No obstante, como todo sistema político, también las democracias deben contar con mecanismos de transmisión del poder que son fundamentales para garantizar su permanencia y estabilidad; con mayor razón, en aquellas cuya regencia principal se encarna en un solo individuo. Tal es el caso de México, donde el poder se ha organizado en un sistema eminentemente presidencialista. El presidente de la República, es el centro del poder y el origen de las decisiones políticas más importantes; sus funciones y atribuciones rebasan con muchas las de cualquier otras instancias, tanto las definidas en la Constitución como las denominadas “facultades metaconstitucionales” que el titular del ejecutivo genera y consolida en el ejercicio del poder mismo.
En la práctica del presidencialismo mexicano, el partido hegemónico ha servido como pieza fundamental del sistema. Creado en 1929 como Partido Nacional Revolucionario (PNR); transformado en 1938 en el Partido de la Revolución Mexicana (PRM); y en 1946 finalmente convertido en el Partido Revolucionario Institucional (PRI), esta institución fue sostén de la clase política durante casi un siglo y el espacio en el que habrían de resolverse las contiendas electorales. Lo que permitió institucionalizar los mecanismos de renovación del poder evitando que se resolvieran por la vía de las armas.

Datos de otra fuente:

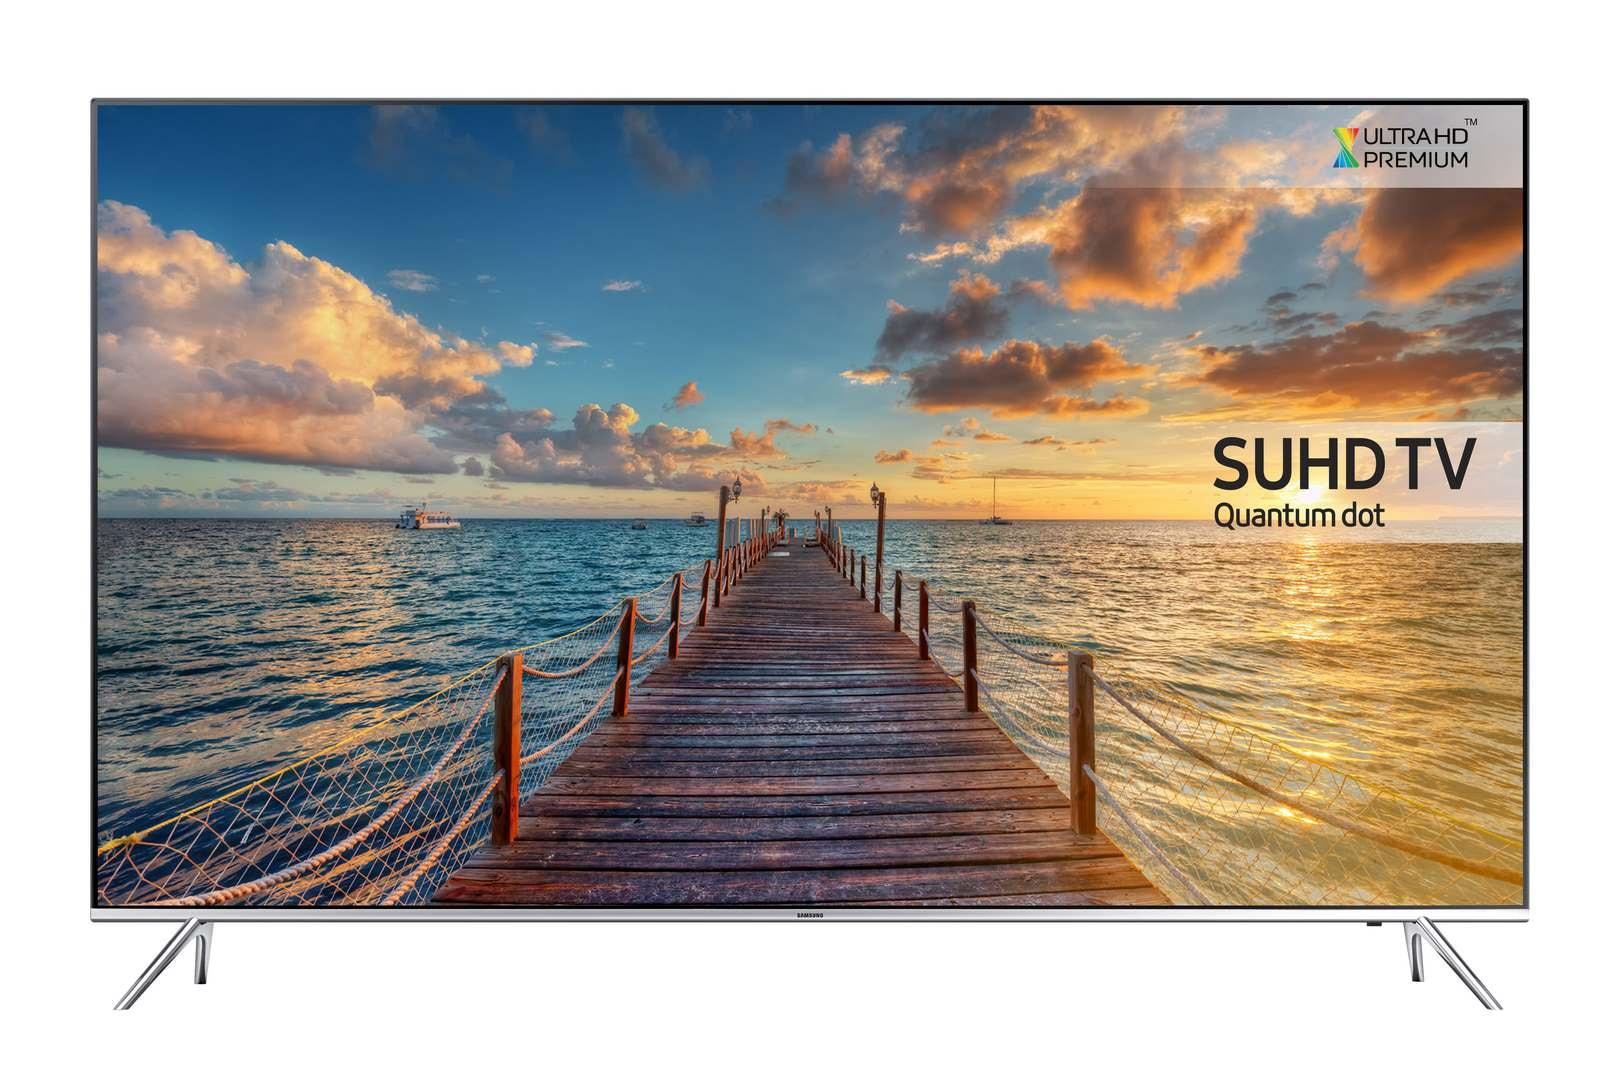 7-Series Quantum Dot SUHD TV UE65KS7000

Los presidentes del otrora partidazo, reafirmaban una vez más su poder al ocaso de su sexenio, mediante el control del propio proceso que habría de relevarles del cargo. La decisión vaya, más importante que habrían de tomar no era relativo a políticas de desarrollo, seguridad o educación, sino buscar a quien habría de sustituirles. Para evitar que el “dedo elector” fallara ante el “juego de tronos” armado por propios y extraños, se “tapaba” al sucesor hasta bien entrado el último año del gobierno.
Miguel de la Madrid por ejemplo, primer presidente neoliberal, sería destapado el 21 de septiembre de 1981, a menos de un año de las elecciones presidenciales del 4 de julio de 1982, tras preguntarle su antecesor (López Portillo): “si estaba preparado”, a lo que contestó que “sí” y recibir la indicación, que “habría que prepararse más” y describirlo como “perfecto” ante periodistas en Palacio Nacional, según lo relata en su libro “Cambio de Rumbo” el propio ex presidente De la Madrid.
Actualmente aunque muchas cosas han cambiado -el PRI va camino a su extinción- , aún persisten ciertos símiles, como por ejemplo la configuración como necesidad orgánica del sistema político en México, de un nuevo partido hegemónico: Morena. Partido que al igual que el PRI (en sus primeros años), busca permitir -aunque no sin tropiezos iniciales-, que las fuerzas que se consideran herederas de la lucha histórica del pueblo mexicano, legitimen esta condición política en sus dirigencias frente a las masas populares al buscar definir quién será “el/la coordinador (a) de la Defensa de la Cuarta Transformación” a nivel nacional.
Sabemos que, a la postre, dicho encargo terminará erigiendo al candidato (a) presidencial en 2024 de la alianza oficialista. Sin embargo, la suerte de la actual sucesión presidencial parece correr por nuevas vías. Hoy vemos por ejemplo, que no hay “tapado”, ahora hay “corcholatas”; la sucesión inició a la mitad del sexenio, no al final; el método de selección pasó del dedazo, a la encuesta; las “cargadas” ahora son en la calle y plazas públicas, no en los pasillos del palacio; fiel a su estilo, el presidente ha corrido la sucesión presidencial de lo cierto a lo incierto, de la certidumbre a la incertidumbre; de la simulación a la democracia. Pero… ¿Estamos listos para ello? Lo reflexionaremos en la siguiente entrega.